**Task directions**
Repeat the listing that follows character for character, omitting images.

**Exercise data**
-- Opening Marker --

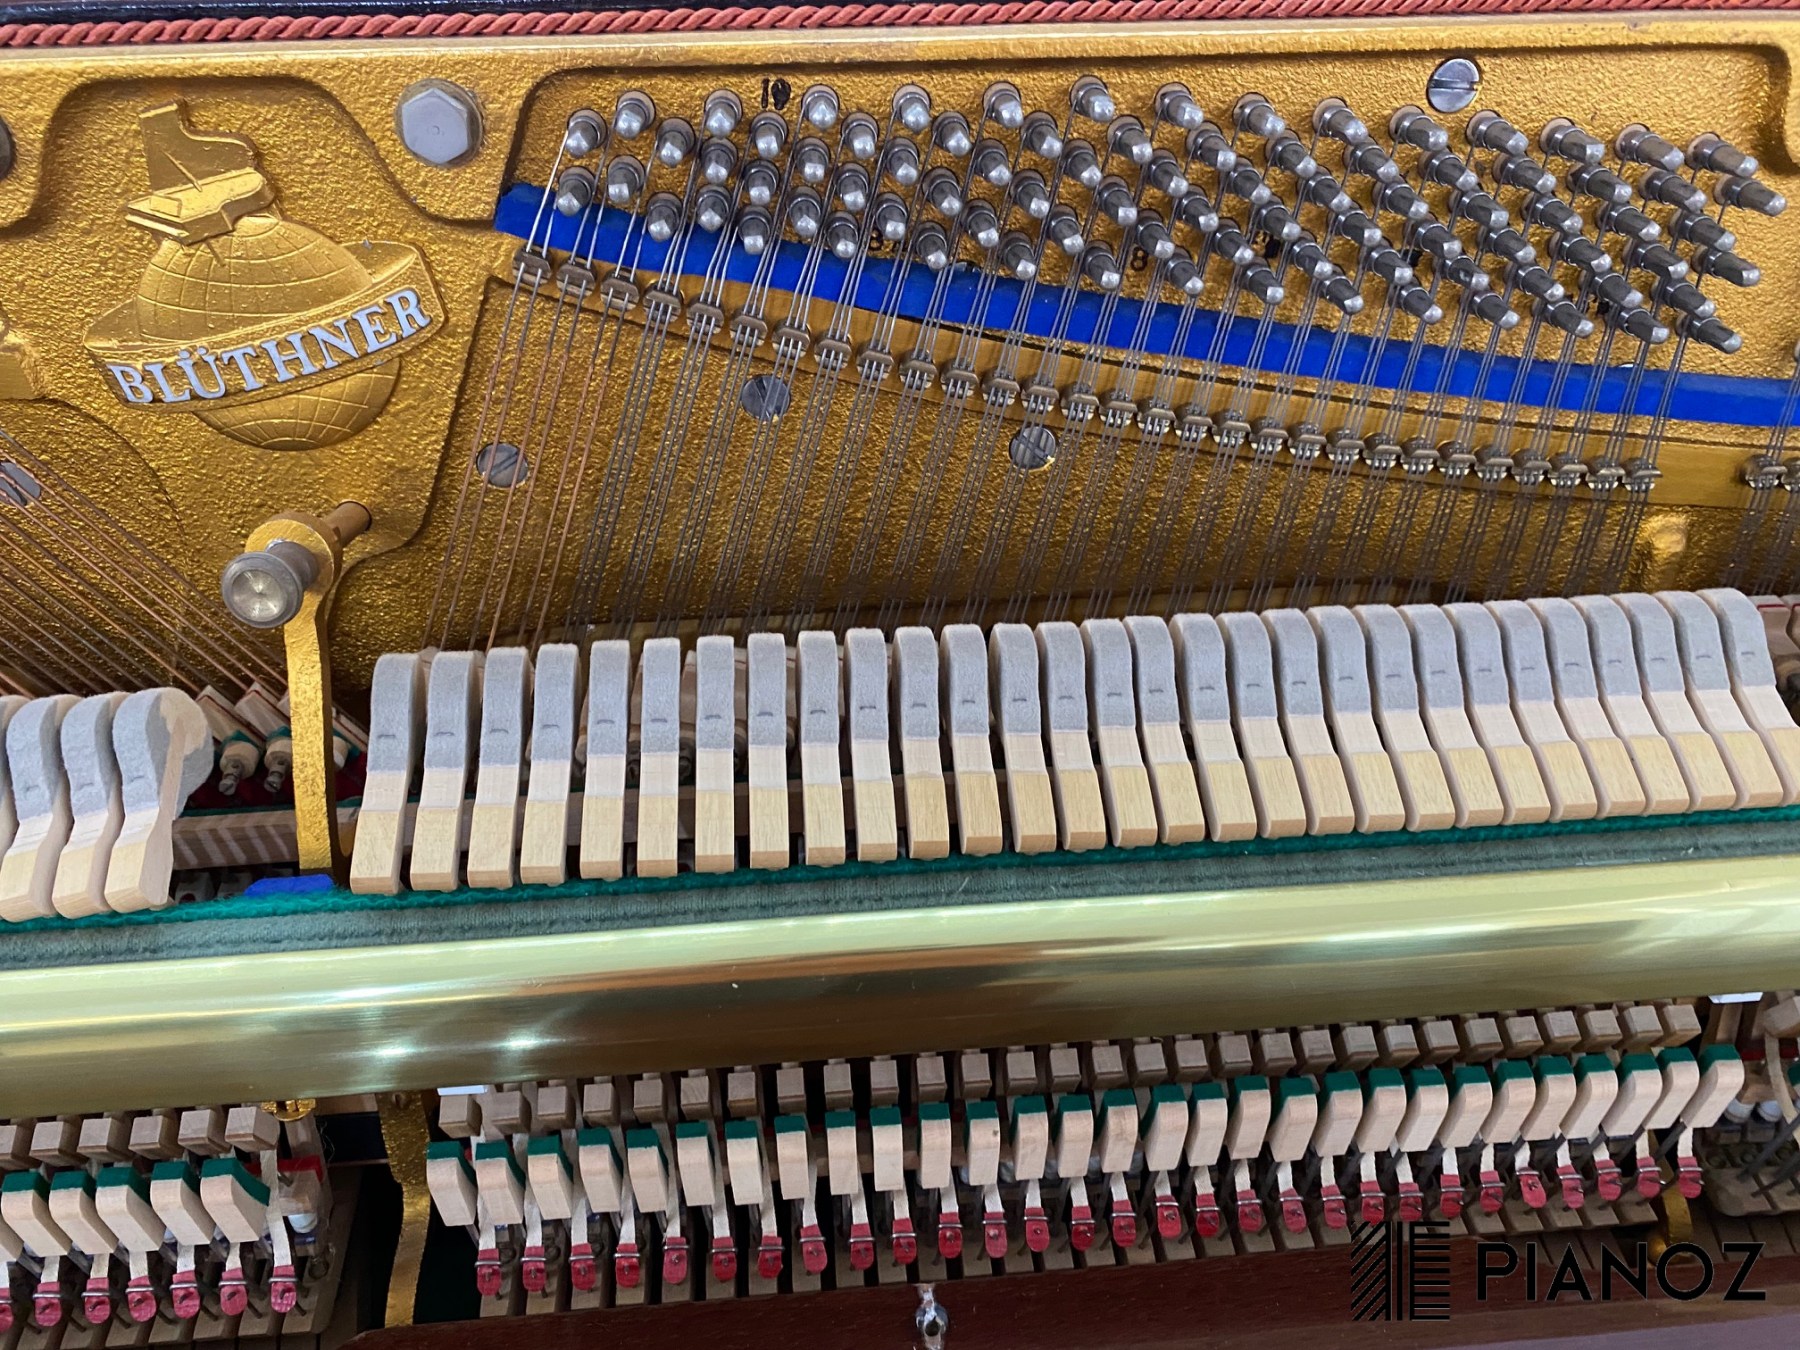 Bluthner 112 Upright Piano piano for sale in UK
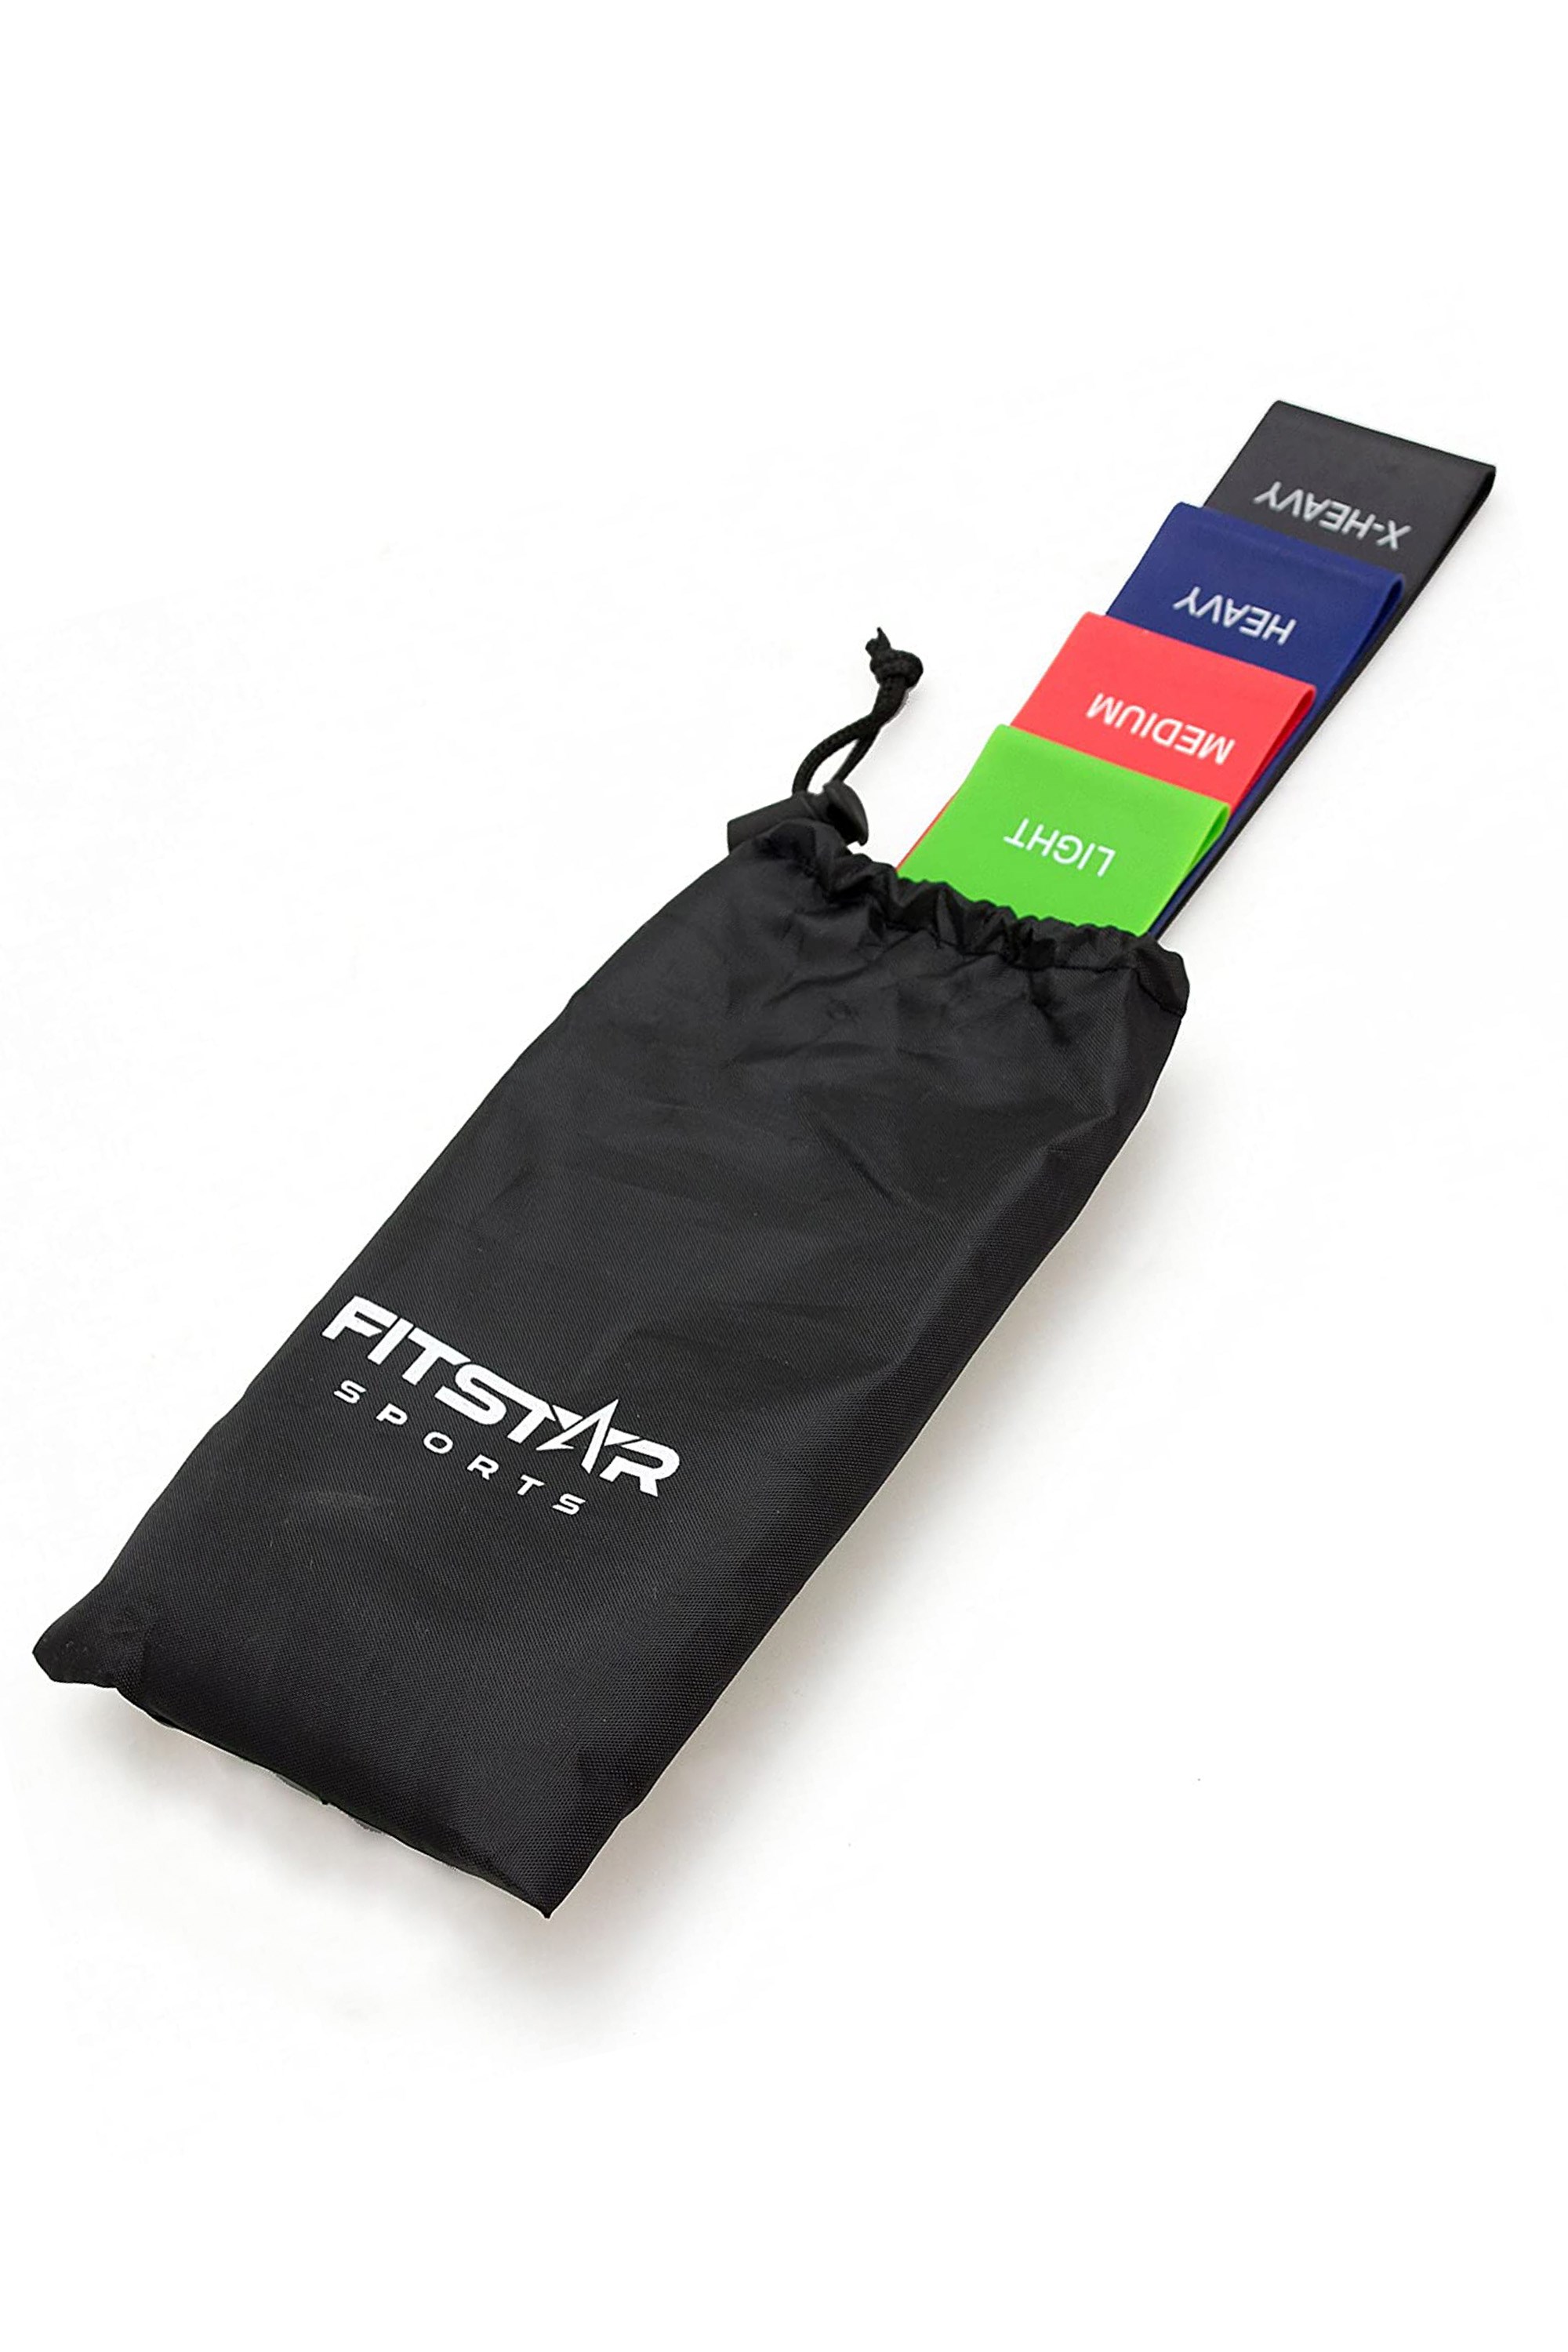 Exercise Resistance Bands 4-pack -
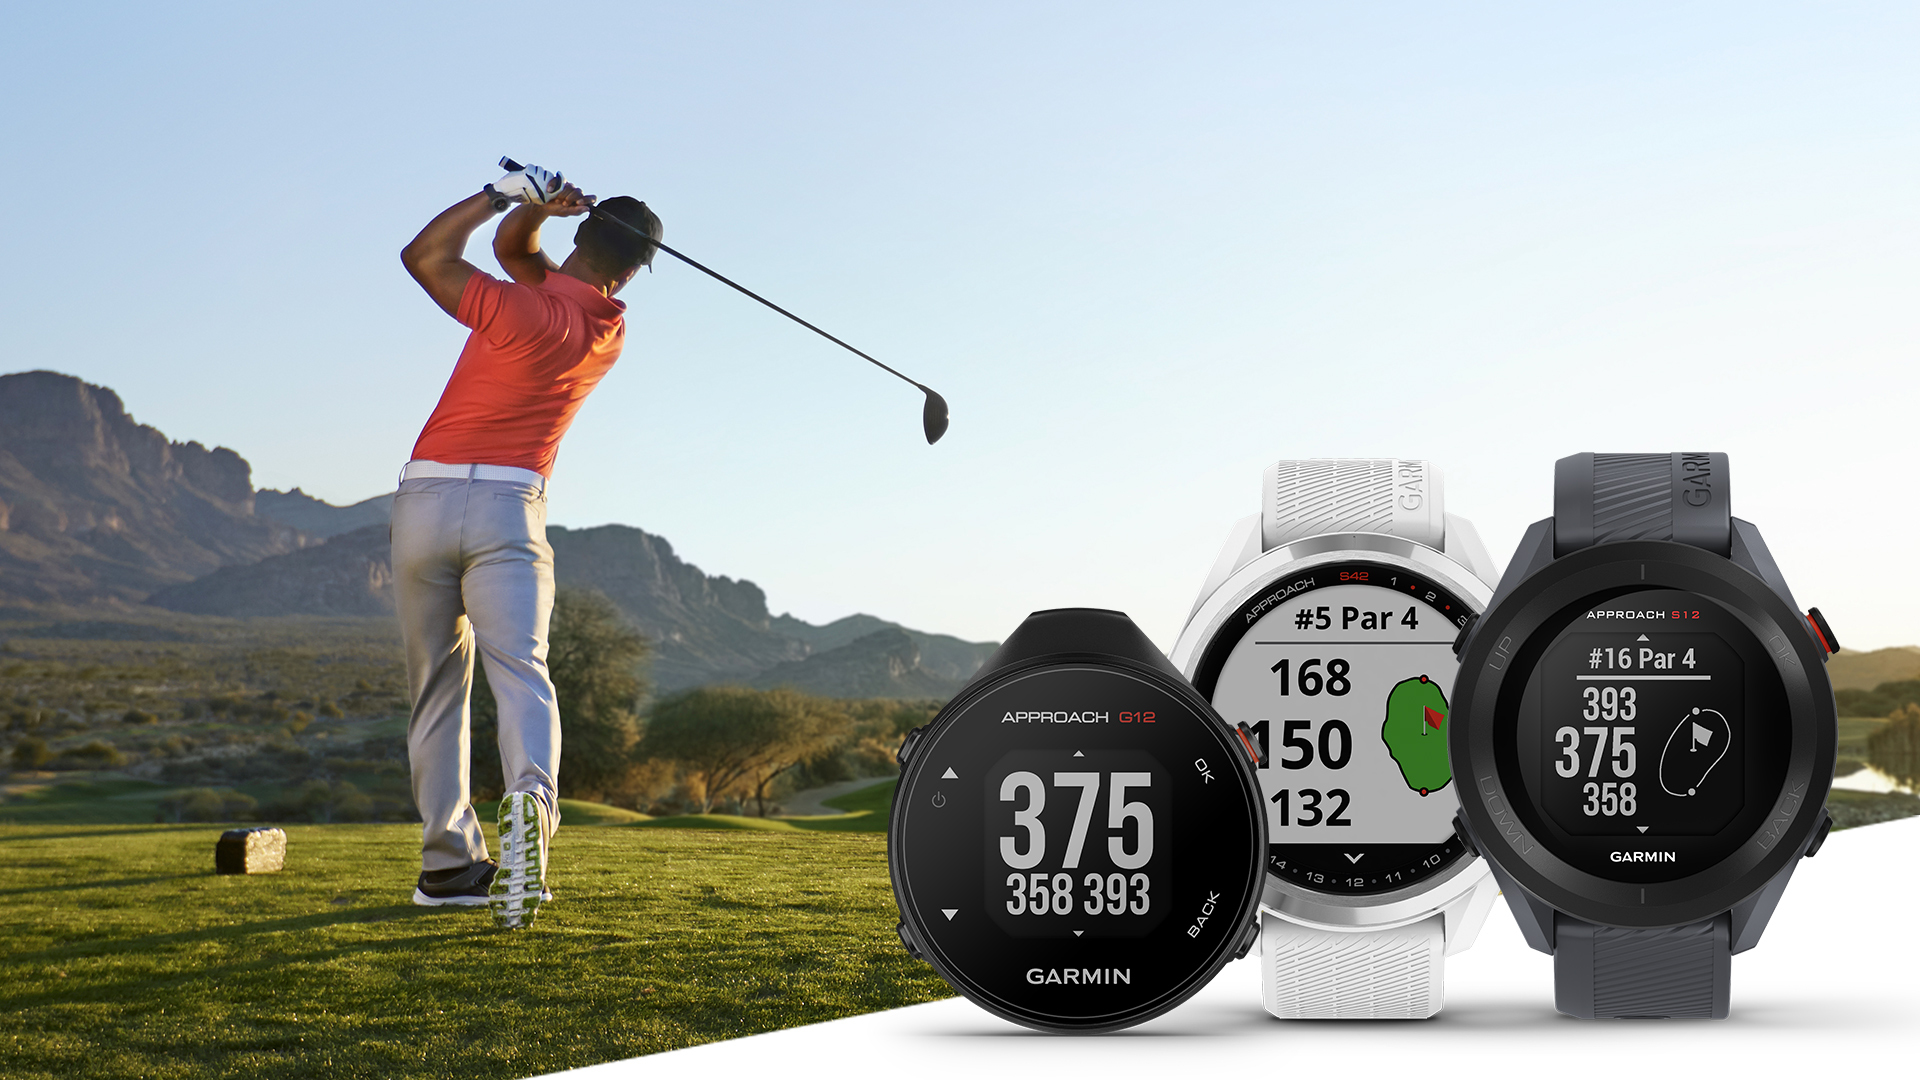 Garmin expands its Approach® with a new lineup of GPS devices to help golfers improve their game | Business Wire

-- Closing Marker --

**Output for this task**
 Bluthner 112 Upright Piano piano for sale in UK
 Exercise Resistance Bands 4-pack -
 Garmin expands its Approach® with a new lineup of GPS devices to help golfers improve their game | Business Wire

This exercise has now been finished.